Stop-Signal Task (SST)
During ‘STOP’ trials, a centrally-displayed red stop-signal was presented after the green target appeared at varying delays (i.e., stop-signal delay (SSD)), and participants were instructed not to respond. SSDs were sampled continuously in 16.67 ms intervals (matching the monitor refresh rate of 60-Hz) between 50–283 ms. The order of SSD intervals varied randomly, and GO and STOP trials were presented in a pseudorandom order; no more than three consecutive trials of the same type were administered. When participants pressed a button on a STOP trial, a red ‘X’ was displayed in the center to alert them to the error. Four blocks of 63 trials (60% GO and 40% STOP trials interleaved) were administered. Each block of trials was followed by 10 sec of rest.
Clinical Measures
The ADI and ADOS were administered by research-reliable clinicians (LS, SPW, MWM) to confirm ASD diagnoses and quantify clinical symptom severity across social-communication and RRB domains. For the ADI, diagnostic algorithm totals for Social, Communication, and RRB deficits were examined. For the ADOS, algorithm totals for social communication (Modules 2 (n=3) and 3 (n=87): Social Affect; Module 4 (n=31): Communication + Social) and RRB deficits (Modules 2 and 3: RRB; Module 4: Stereotyped Behaviors and Restricted Interests) were examined. Because different items are included in the algorithms for Modules 2 and 3 versus Module 4, we computed alternate Social-Communication and RRB totals for Module 4 based on the corresponding subscale items from Modules 2 and 3. Analyses using identical items across Modules yielded substantively similar results to those using Module-specific algorithm items, so only the latter are reported in final analyses. We also examined Comparison Scores for Modules 2 and 3 (Hus, Gotham, & Lord, 2014), though these were not available for Module 4. The Repetitive Behavior Scale-Revised (RBS-R; Bodfish, Symons, Parker, & Lewis, 2000), a parent-report questionnaire, also was used to quantify RRBs. To estimate general cognitive abilities, participants were administered the Differential Ability Scales, Second Edition (DAS; Elliott, 2007), Wechsler Abbreviated Scales of Intelligence (WASI; Wechsler, 1999)), or Wechsler Preschool and Primary Scale of Intelligence, Fourth Edition (WPPSI; Wechsler, 2012). CHI participants <18 years completed the DAS (n=91) and those >18 years of age completed the WASI (n=24). UTSW participants <6 years completed the WPSSI (n=4) and those >6 years completed the WASI (n=78).
Statistical Analyses
To examine how stopping accuracy varied as a function of SSD, we conducted a 2 (ASD versus controls) × 15 (SSD blocked in 16.67 ms intervals) repeated-measures analysis of variance (ANOVA). Separate one-way ANOVAs were used to compare groups on stopping accuracy, RT slowing, SSRT, and the SSD at which stopping accuracy equaled 50% (p50). We used the quantile method to estimate SSRT (for details, see Band, van der Molen, & Logan, 2003). This method was selected because it best accounts for individual differences in GO RT. To compare baseline and SST GO trials RTs, we conducted a 2 (ASD versus controls) × 2 (baseline versus correct GO trials) repeated-measures ANOVA. We conducted ANCOVAs for each of our outcome measures using VIQ, sex, and site as covariates. Because no substantive differences in results were found with any of the ANCOVA models (Appendix S1.), only results without the covariates are reported.
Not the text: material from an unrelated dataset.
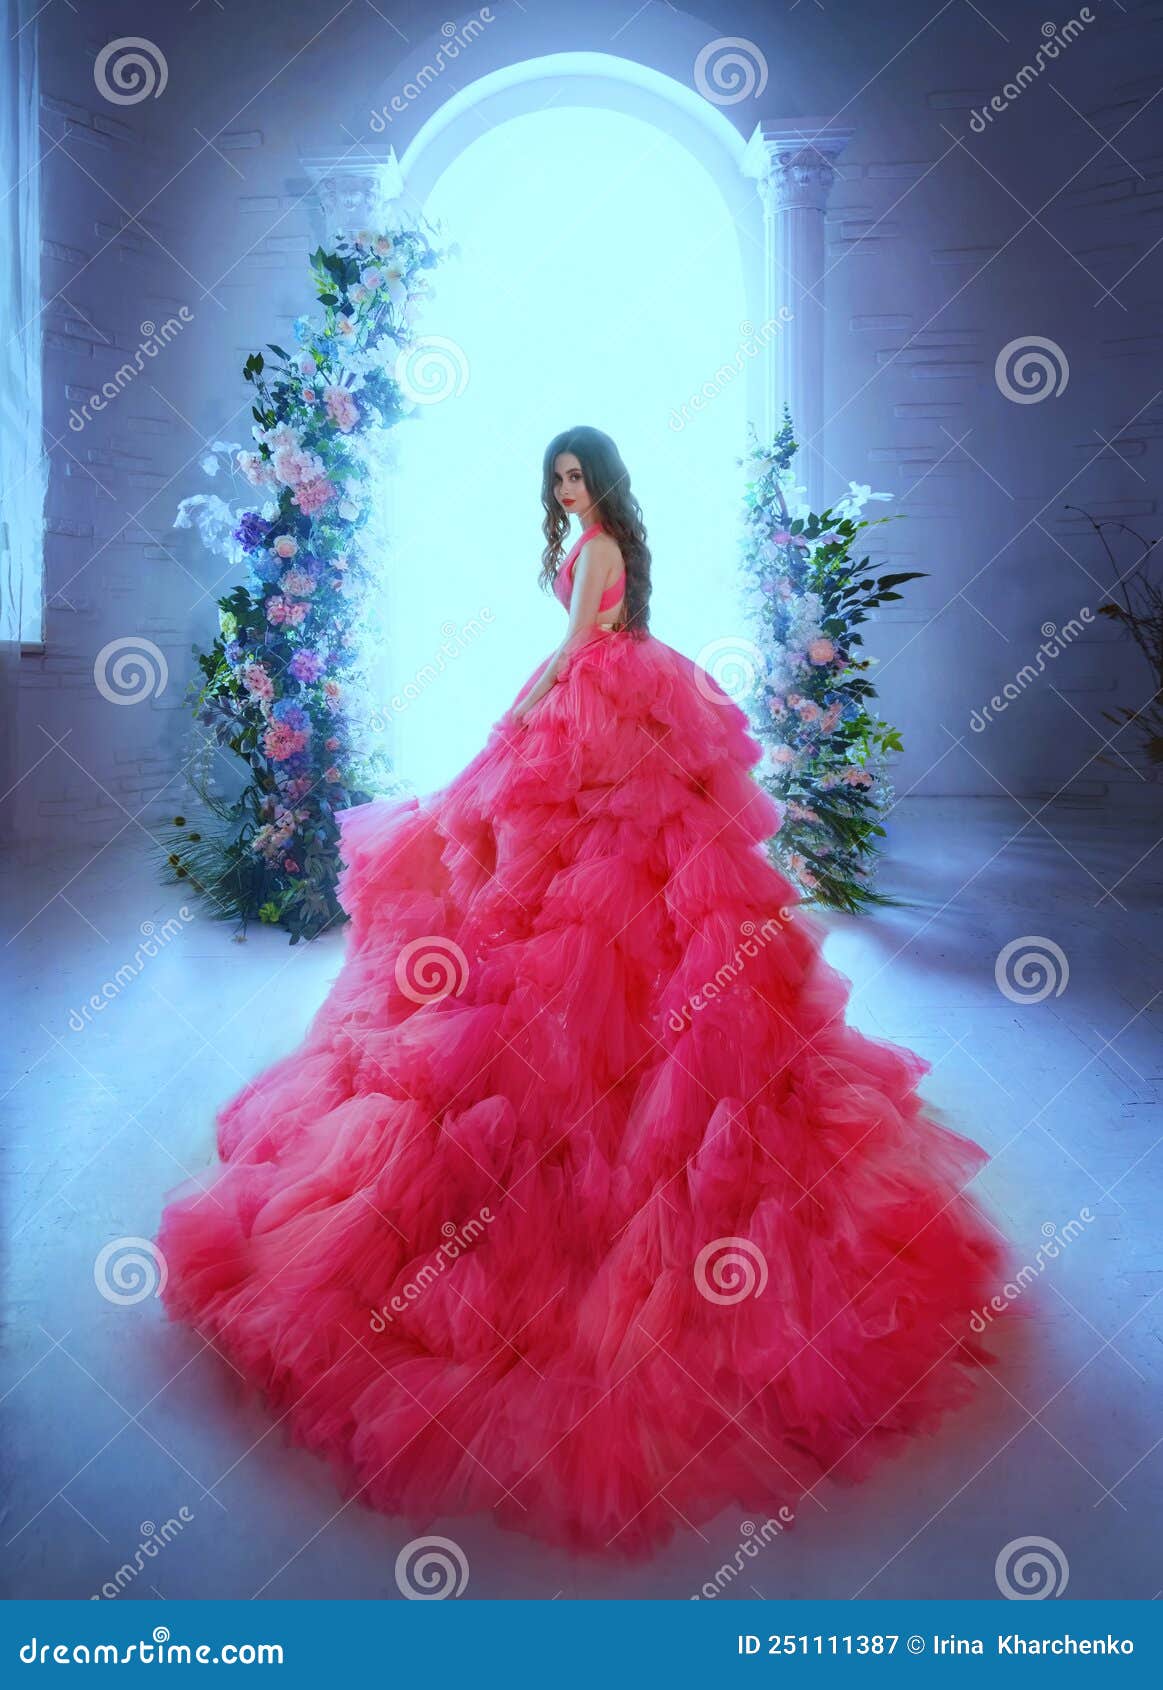 Magical Cinderella in Stunning Silver Gown | Enchanting Beauty | AI Art  Generator | Easy-Peasy.AI

To determine whether age moderated the relationship between group and SST performance, we used the PROCESS macro developed by Hayes (2013) for SPSS. This analysis is based on Ordinary Least-Squares regression and utilizes bootstrapping procedures (5,000 samples) for investigating moderation effects of one variable on the relationship between two variables known to be related to one another. For models found to be significant, we conducted changepoint analyses using the Johnson-Neyman Technique to determine the youngest age at which performance diverged between groups (Johnson & Fay, 1950; for details see Appendix S1.). All SST outcomes were linearized using a log-transformation prior to moderation analyses.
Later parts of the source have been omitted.